Cut-off values were used to divide patients into high- and low-expression groups. Double-expressor (DE) lymphomas were defined as lymphomas with high expression irrespectively to the existence of gene translocations. The cut-off value used were BCL-6 staining over 50%, BCL-2 staining over 70% of the cells positive. For MYC IHC we performed analyses with both the cut-off value of 70% and 40%. The results are given mainly with the latter one.

The following FISH probes were used in accordance with the instructions of the manufacturer. BCL2 FISH DNA Probe, Split Signal, Code Y5407, Dako, Denmark; BCL6 Breakapart probe, LPH 035, Cytocell, United Kingdom; MYC FISH DNA Probe, Split Signal, Code Y5410, Dako, Denmark.

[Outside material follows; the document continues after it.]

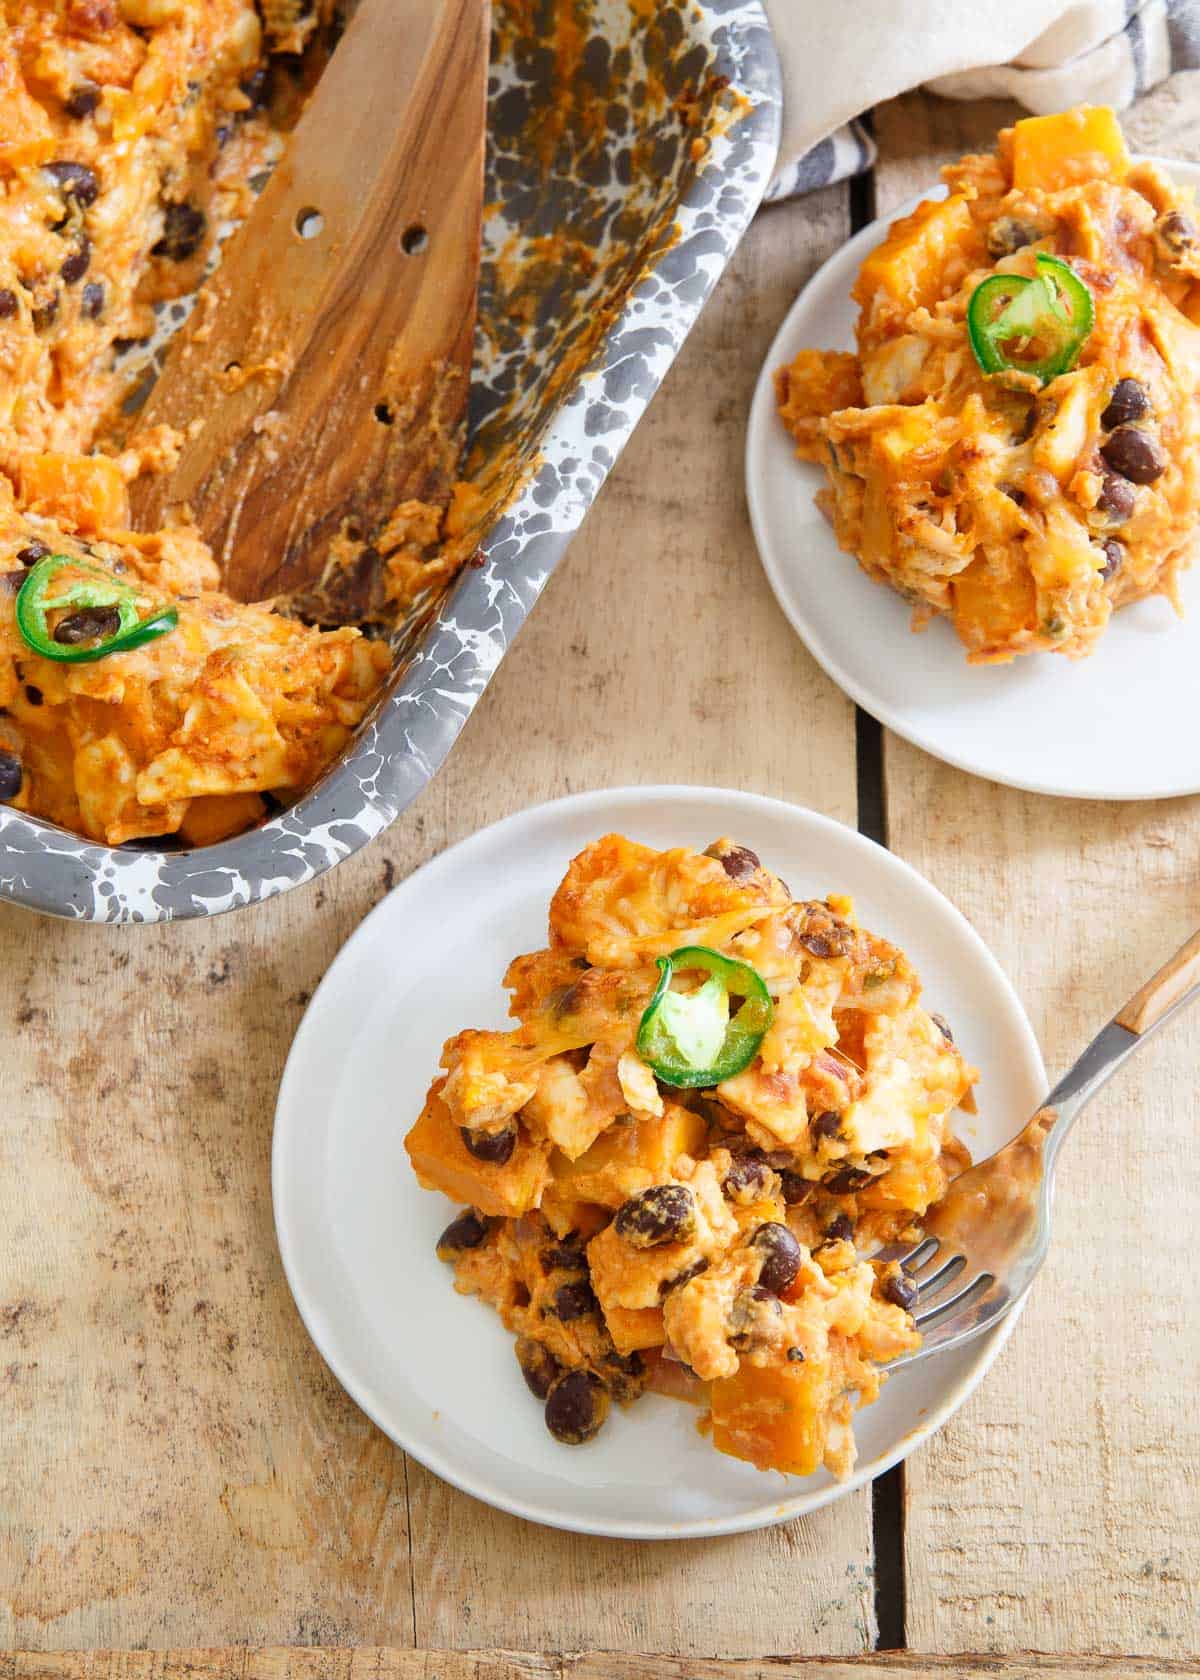 Beaming with fall superfoods, this creamy, cheesy pumpkin tortilla casserole is a great family dinner!

DH lymphomas were defined as those with concurrent MYC and BCL-2 or BCL-6 translocation. Triple-hit lymphomas were defined as lymphomas with MYC translocation combined with both BCL-2 and BCL-6 translocation.

Statistical analysis

Associations between the different variables and clinical parameters were assessed by using Pearson’s 2-sided chi-square test. Kaplan–Meier analyses were used to assess survival rates and log-rank tests were used to determine the statistical significance. Disease-specific survival (DSS) was calculated from the date of diagnosis to the date of lymphoma-related death or the last follow-up date. Overall survival (OS) was calculated from the date of diagnosis to death from any cause or last follow-up. Disease-free survival (DFS) was calculated from the date of diagnosis to the date of relapse or date of death from any cause, or last follow-up date, whichever occurred first. p-values < 0.05 were considered significant. To evaluate the independent prognostic potential, all significant associations with survival in univariate analysis were analyzed by means of Cox regression using the enter method. The model included International Prognosis Index (IPI) divided into three categories according to risk, lactate dehydrogenase, Eastern Cooperative Oncology Group (ECOG) performance status, Ann Arbor stage, age, B-symptoms and extranodal involvement. The three IPI categories were as follows: low 0–1, intermediate, 2–3 and high risk, 4–5. Lactate dehydrogenase categories were normal and high. ECOG performance status categories were 0 or 1 and 2, 3 or 4. Ann Arbor-stage categories were Stages I–II and III–IV. Age categories were under 60 and 60 or more. B-symptom categories were no and yes. Extranodal involvement was divided to no extranodal disease or extranodal involvement. All statistical analyses were performed using the Statistical Package for the Social Sciences, v. 22.0 (IBM SPSS, Chicago, IL, USA).

The datasets generated during and/or analysed during the current study are available from the corresponding author on reasonable request.